ACT‑1 is Sunday’s robot model family described in their technical post as a foundation model trained without robot teleoperation trajectories (“zero robot data” claim). (Source: ACT‑1 technical post)
Can Memo work in homes it has never seen?
Sunday claims Memo is being built for out-of-the-box autonomy and describes generalization in its technical post; broad proof must come from beta. (Sources: Sunday homepage + ACT‑1 technical post)
Why wheels instead of legs?
Sunday frames wheels as a safety and stability decision; wheeled bases avoid balancing failure modes but introduce stairs constraints. (Sources: press release + Sunday FAQ)
How much will Memo cost?
Retail price is not announced.
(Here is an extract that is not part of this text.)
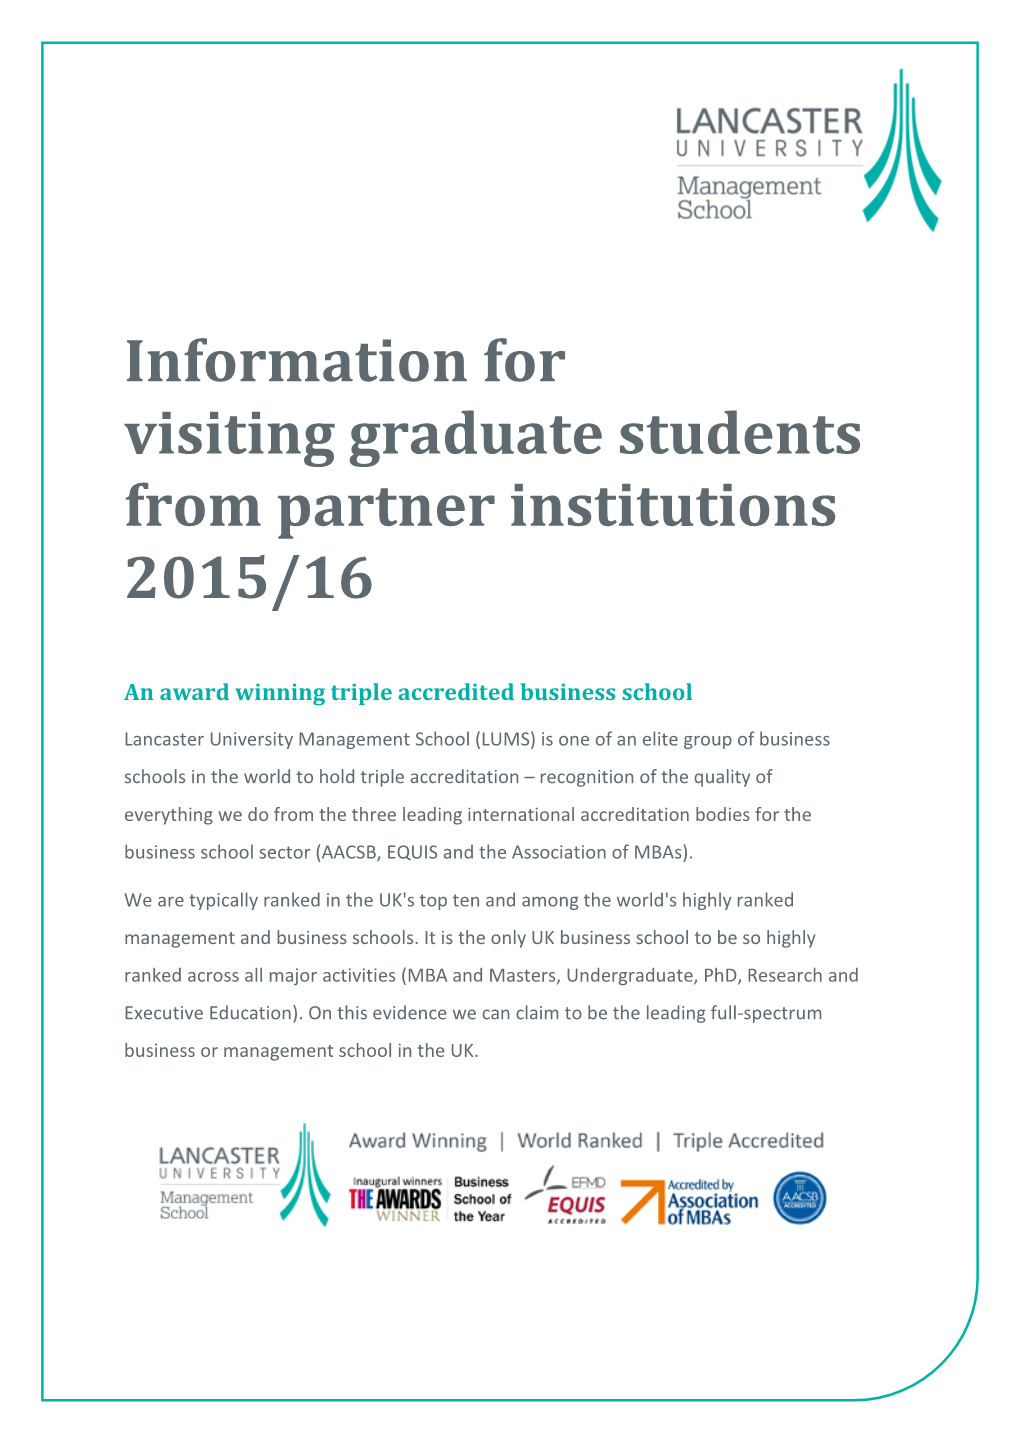 Information for Visiting Graduate Students from Partner Institutions 2015/16

Sunday states a unit costs about $20,000 to build today and expects ≥50% cost reduction with manufacturing. (Source: Sunday FAQ)
What should buyers watch in 2026?
Beta outcomes: reliability, safety validation, service logistics, and how well performance transfers across many home layouts. (Sources: Sunday beta emphasis areas + press release)
Conclusion
Sunday Robotics Memo Robot (ACT-1) is one of the more credible attempts at a real home robot because the advantage is not the demo, it is the data pipeline. Training from real household demonstrations gives it a shot at handling the chaos that breaks most domestic robots. The wheeled base is also a practical first step, stable, simpler, and more serviceable than legs.
What still decides everything is boring but decisive: day-90 reliability, safety validation around children and fragile items, and whether Sunday can ship a support-and-repair model that feels like an appliance, not a research project. If the 2026 Founding Family Beta proves those fundamentals, then the 2027 to 2028 scale timeline becomes believable. Until then, treat Memo as a promising beta platform, not a finished household product.